Мишка утерся, содрогнулся от далекого, уже закатывающегося всхлипа и, забыв вернуть платок, молвил:

— А меня мать с отцом все равно любили. Я плохо все помню, но любили, знаю.

— Так то ж родители!..

— Да-а, родители!..

— Начальник-то, слышал? «У них родителей нет, так ты им как отец всыпь!..» Роди-итель! Папа! Своим деткам небось…

— Костыльника покрываете, мерзавцы! Деменкова-бандита спасаете, сопляки! — передразнил начальника милиции Толя. — Покрыли б мы костыльника с Деменковым штукой одной, если б…

— Ладно, Толька, ну их подальше. Давай лучше про родителей еще поговорим…

— Да я их почти не помню, Миха, — отозвался Толя. — Мать еще в деревне умерла. Как отца забрали, так и умерла. Отец, не знаю, живой или нет? Последним прадед умер. Всех пережил. Сто лет ему было.

— Н-ну-у-у! — Мишка приподнялся даже и поглядел недоверчиво на товарища — не загибает ли?

— Ага. Так говорили.

— Долго — сто лет! Уж повидал в жизни так повидал! И натерпелся, поди…

— Мне он ничего не рассказывал. Как приехали сюда, на Север, он уже не разговаривал. Молчал все. Оцинжал потом. Один раз как закричит!.. И умер. А бельмо тебе, Мишка, вылечат. Ты не беспокойся. Я в книжках читал, даже стеклянные глаза вставляют.

— Да я ничего, привык. Конечно, — понизил голос Мишка, — без бельма лучше бы. Мне командиром охота быть, пограничником. А кто меня такого в командиры возьмет? Э-эх, скорей бы уж вырасти! Я на любую операцию соглашусь. Пусть на стеклянный глаз, все равно соглашусь.

Мишка, оказывается, разговорчивый человек. Столько лет прожили в одном доме с ним, а Толя и не знал этого. Однако разговор скоро кончился.

— Хочешь, я тебе сказку расскажу? — предложил Толя.
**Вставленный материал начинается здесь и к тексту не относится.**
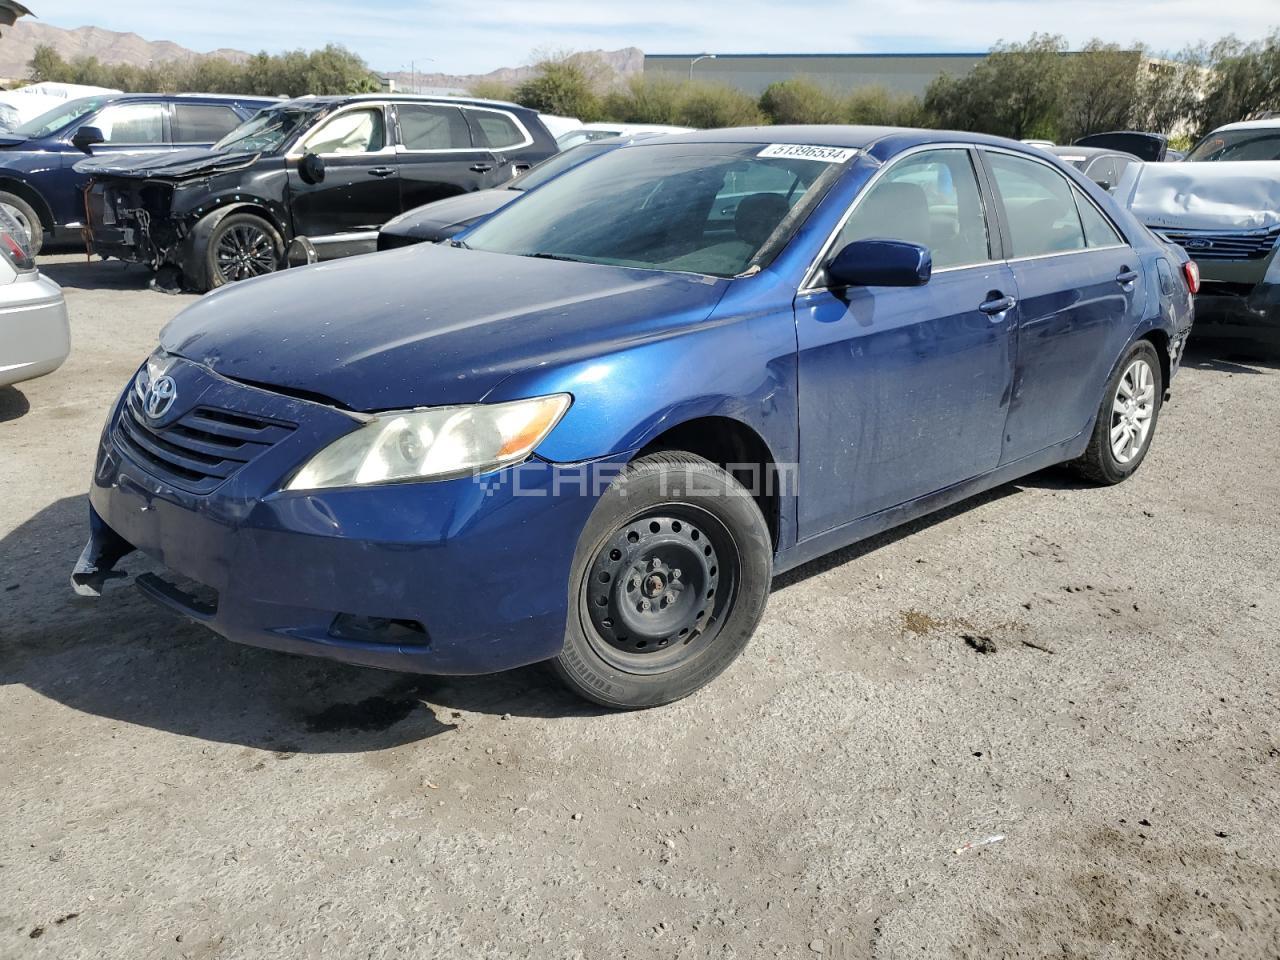 VIN: 4T4BE46K78R029933 - toyota camry

— Давай, — обрадовался Мишка. — Ты здорово умеешь рассказывать. Я тоже, как глаз мне другой сделают, стану много книжек читать и наизусть рассказывать.

— Нет, лучше не читай. Учиться плохо будешь и блажной сделаешься. Говорят, от книжек даже с ума сходят.

— Ты ж не сошел!

— Я еще молоденький. Может, еще сойду…

— Брось тогда читать.

— Я пробовал. Тянет. Вот курцов к табаку тянет. Видал, как те, у баржи, махорке обрадовались? А меня к книжкам тянет. — Толя опять повернулся на спину, закинул руки за голову. — В книжках все больше про буржуев богатых и про несчастных рассказывается. Все больше описывается, как кто умер и как кого убили. И еще про любовь. В стихах чаще про любовь-то. Мне сперва не нравилось про это читать: канитель, думаю, разводят. Нет чтоб сразу сказать: я, мол, тебя люблю. Виляют, слова посторонние всякие говорят. Я сперва все в конец заглядывал. Там, как в алгебре, ответ есть: то ли, се ли. А теперь вот и про любовь стало интересно читать. Есть одна книжка, про Квазимоду, про смерть его и про любовь. Квазимода был горбатый и тоже одноглазый, а полюбил красавицу Эсмеральду. — Мишка вспыхнул при воспоминании про одноглазого Квазимоду, но Толя не заметил этого и уже повел рассказ о великой и несчастной любви горбуна Квазимоды.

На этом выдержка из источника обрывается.